Na classificação administrativa proposta pelo SPI aparece, porém, um outro modo de tratar as populações nativas, construído a partir do tipo de relação (de aliança ou guerra) estabelecida com o colonizador. O decreto nº 5.484 de 27 de junho de 1928 em seu artigo segundo classificou os índios do Brasil nas seguintes categorias: nômades, aldeados, pertencentes à povoações indígenas e pertencentes a centros agrícolas ou que vivem promiscuamente com os civilizados.
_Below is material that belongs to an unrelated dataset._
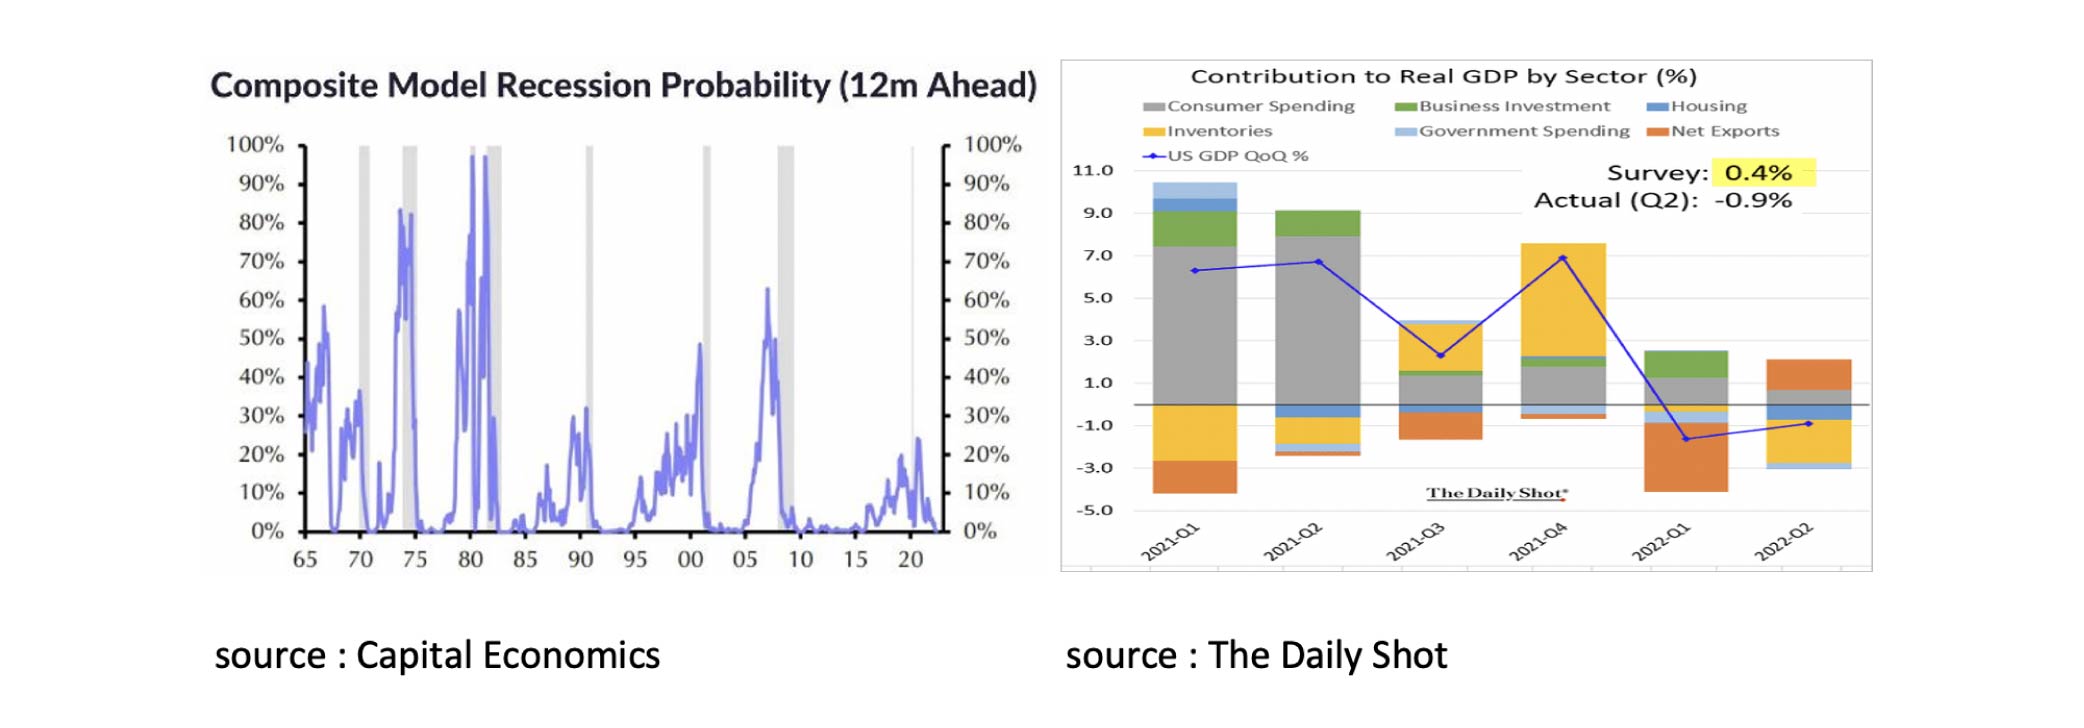 Composite model recession probability
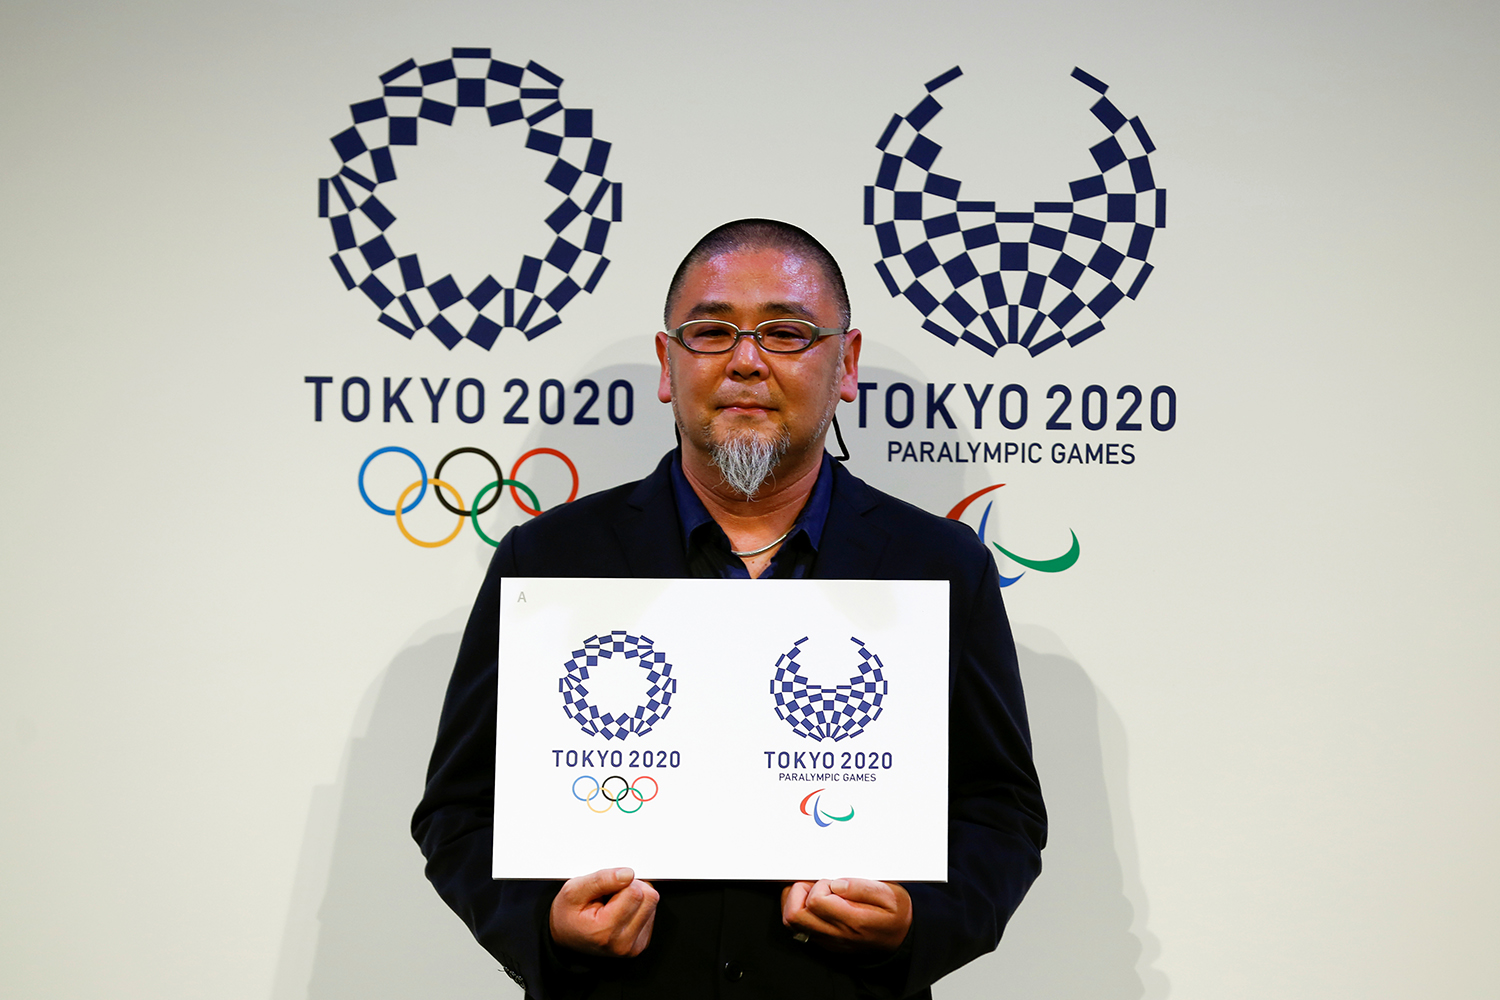 Nuevo logo para Tokio 2020 tras el escándalo de plagio

Os índios selvagens constituíam o foco principal das ações do SPI não só por obstaculizarem as frentes de expansão para o interior ou se acharem em guerra, mas também por comportarem as características ideais para o trabalho de civilização, pois, segundo a filosofia institucional, se encontravam em um estágio primitivo da escalada da humanidade para o progresso. Sem sombra de dúvidas ocupavam uma posição inferior neste processo, portanto, a aplicação de métodos educativos ideais os impediria de se transformarem em indivíduos cheios de defeitos.(LIMA, 1995, grifos nossos).

A discussão sobre a política indigenista, na época, polarizava-se entre aqueles que viam os índios como obstáculo ao desenvolvimento nacional e passíveis, portanto, de serem exterminados e aqueles que se horrorizavam com os massacres impetrados a esses povos e combatiam as teorias racistas que apontavam para o extermínio como a solução para a resolução dos conflitos sociais. (COSTA, 1987). No entanto, as violências, muitas vezes, eram mascaradas pela guerra pacífica de aculturação desses povos, que passavam a viver

privados de suas referências de vida e, consequentemente, condenados à dependência da boa- vontade do poder estatal para garantir-lhes as condições mínimas de qualidade de vida e saúde.